Rose Solecki joined her husband's excavation of the Shanidar cave sites in Iraq between 1956 and 1960. The sites contained rich evidence of Neanderthal life, including several complete skeletons. They also had archaeological projects in Lebanon, Iran, Turkey, Syria, and Sudan. Until Ralph Solecki's retirement in 1990, she was a research associate affiliated with Columbia University; from 1990 to 2000, Rose Solecki was Adjunct Professor of Anthropology at Texas A&M University.

The Soleckis co-authored many scholarly articles, and The Proto-Neolithic Cemetery in Shanidar Cave (2004, with Anagnostis P. Agelarakis), based on their years of work in Iraq.
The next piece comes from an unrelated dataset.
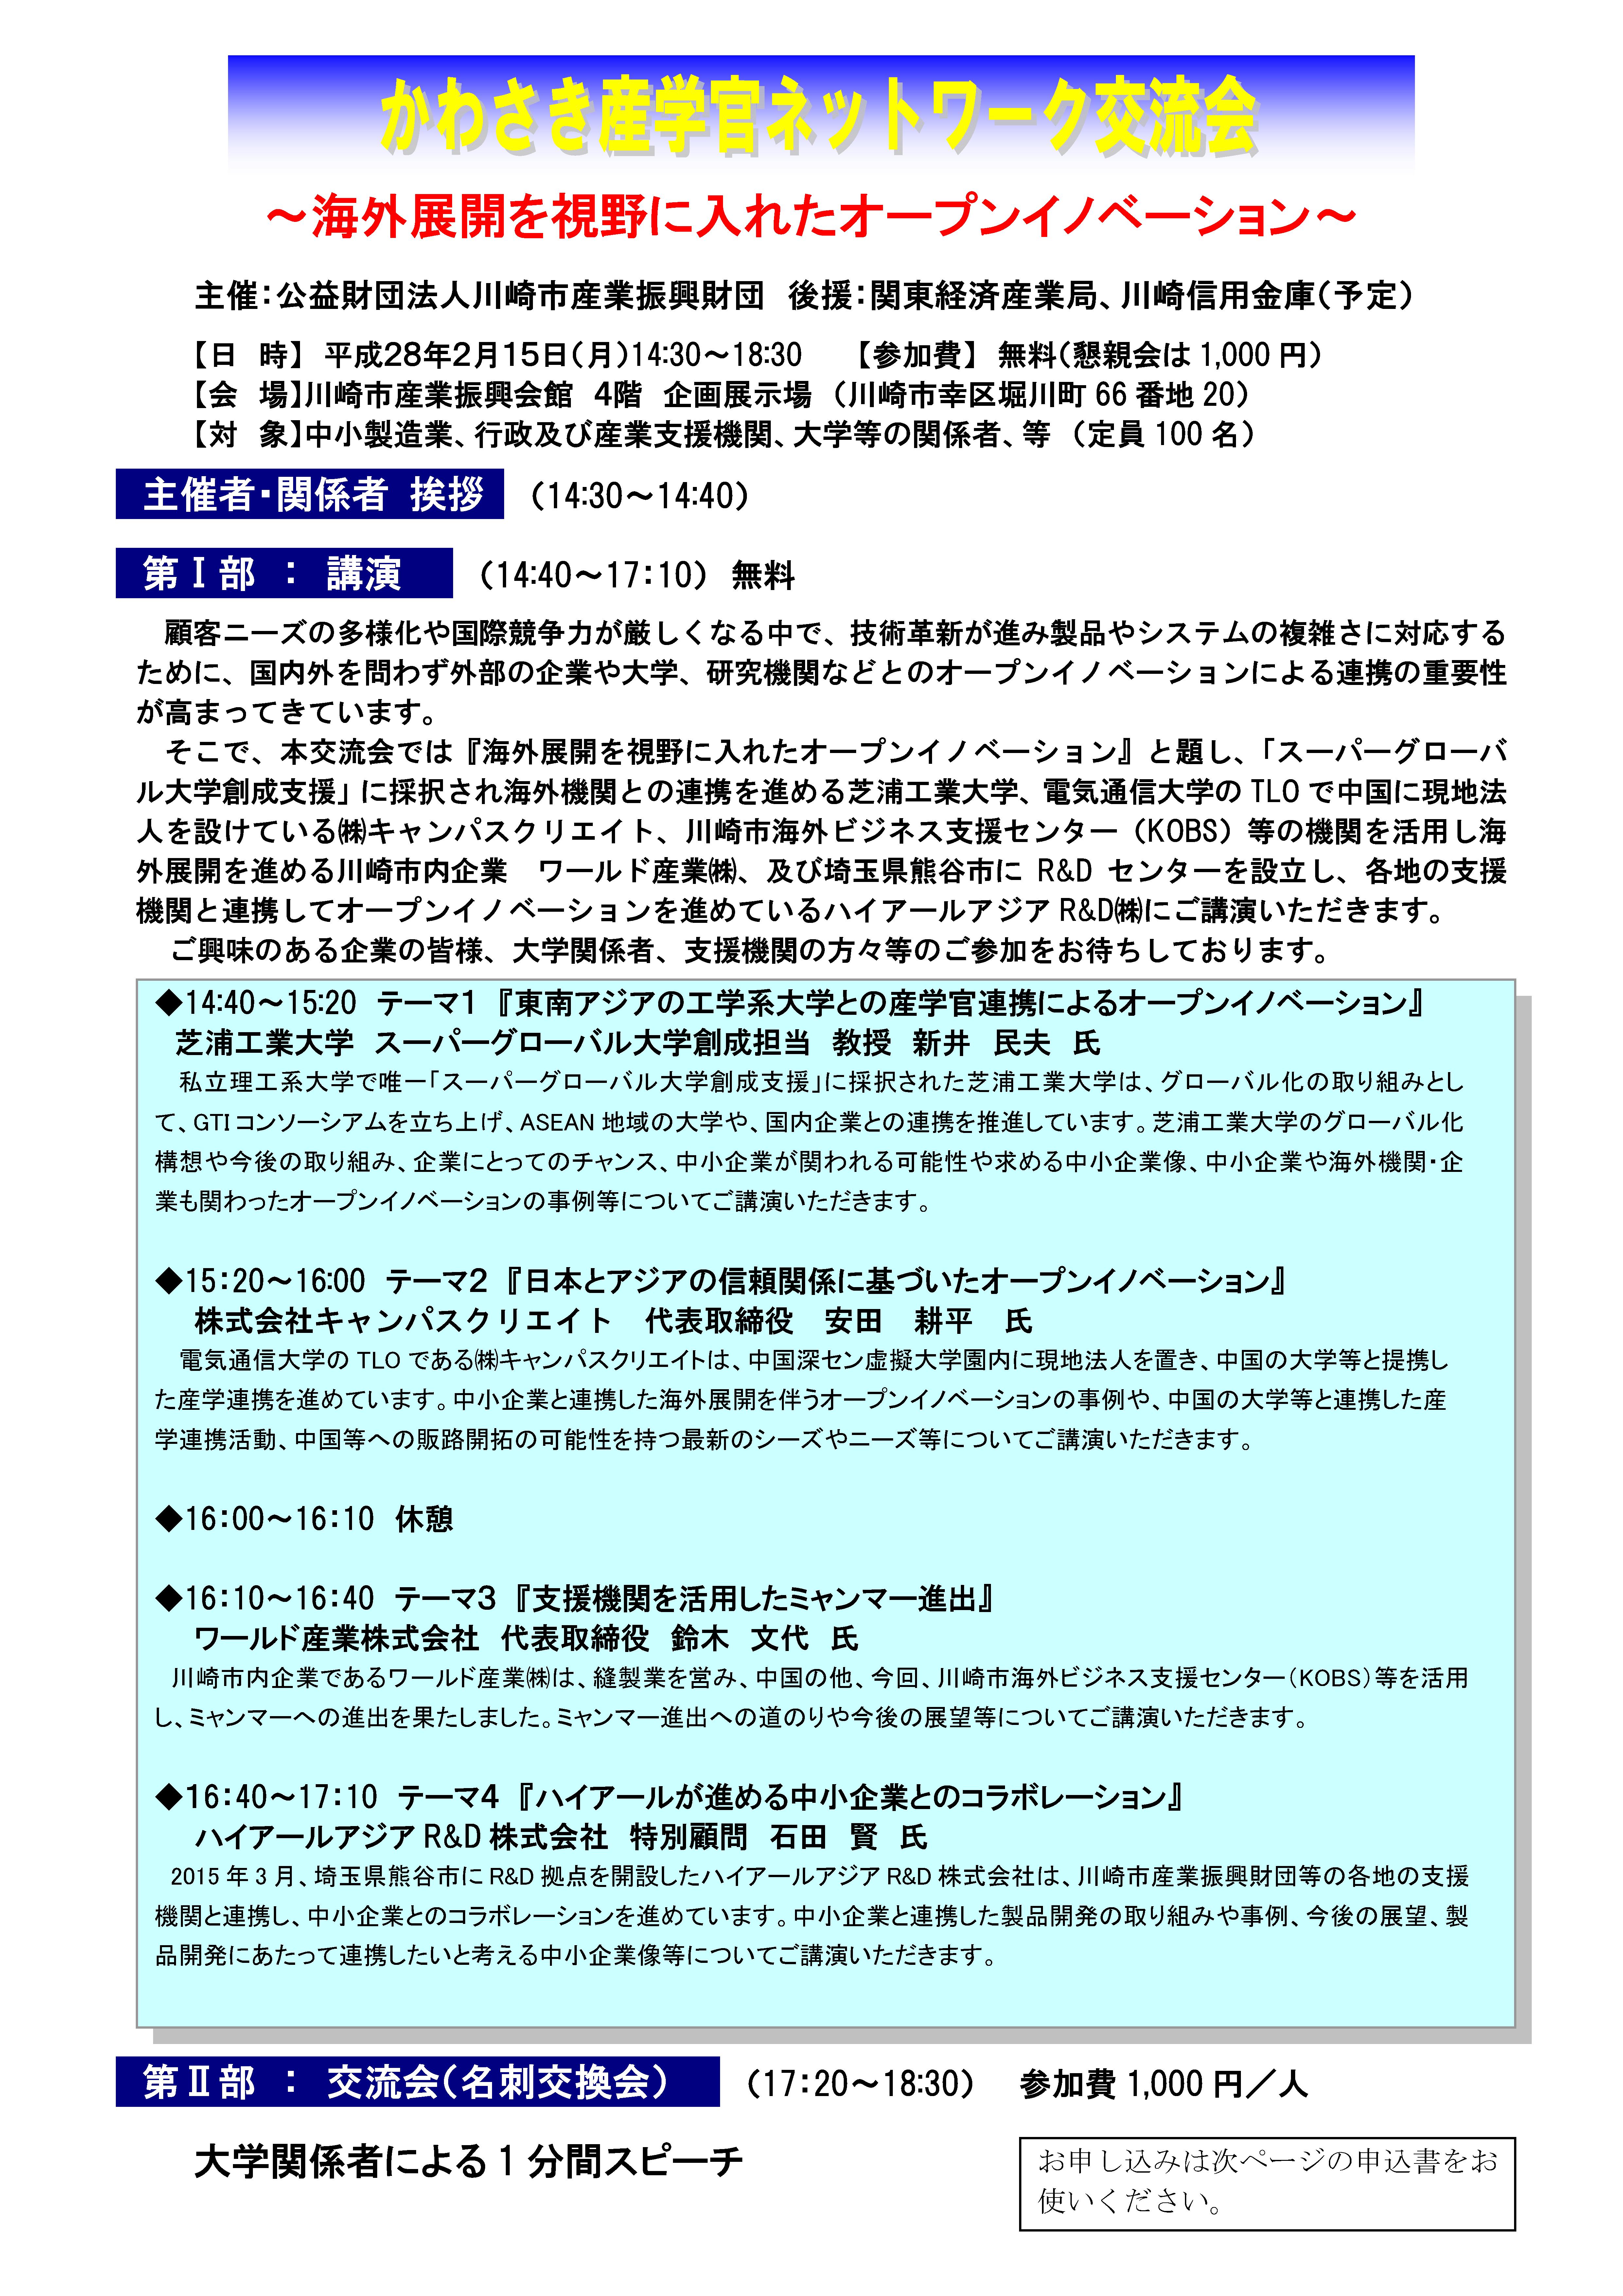 かわさき産学官ネットワーク交流会 ~ 海外展開を視野に入れたオープンイノベーション ~

Rose Solecki also wrote Tepe Seavan, a Dalma Period Site in the Margavar Valley, Azerbaijan, Iran (1973) and An Early Village Site at Zawi Chemi Shanidar (1981).

== Personal life ==
Rose married Ralph Solecki in 1955. They had two sons, John Solecki (a United Nations official) and William Solecki (a geography professor). Ralph Solecki died in 2019, aged 101 years. The Soleckis' papers, and a 2018 oral history with both of them, are archived in the National Anthropological Archives, Smithsonian Institution. Columbia University gives an annual Ralph and Rose Solecki Award, for an archaeology student chosen by the faculty.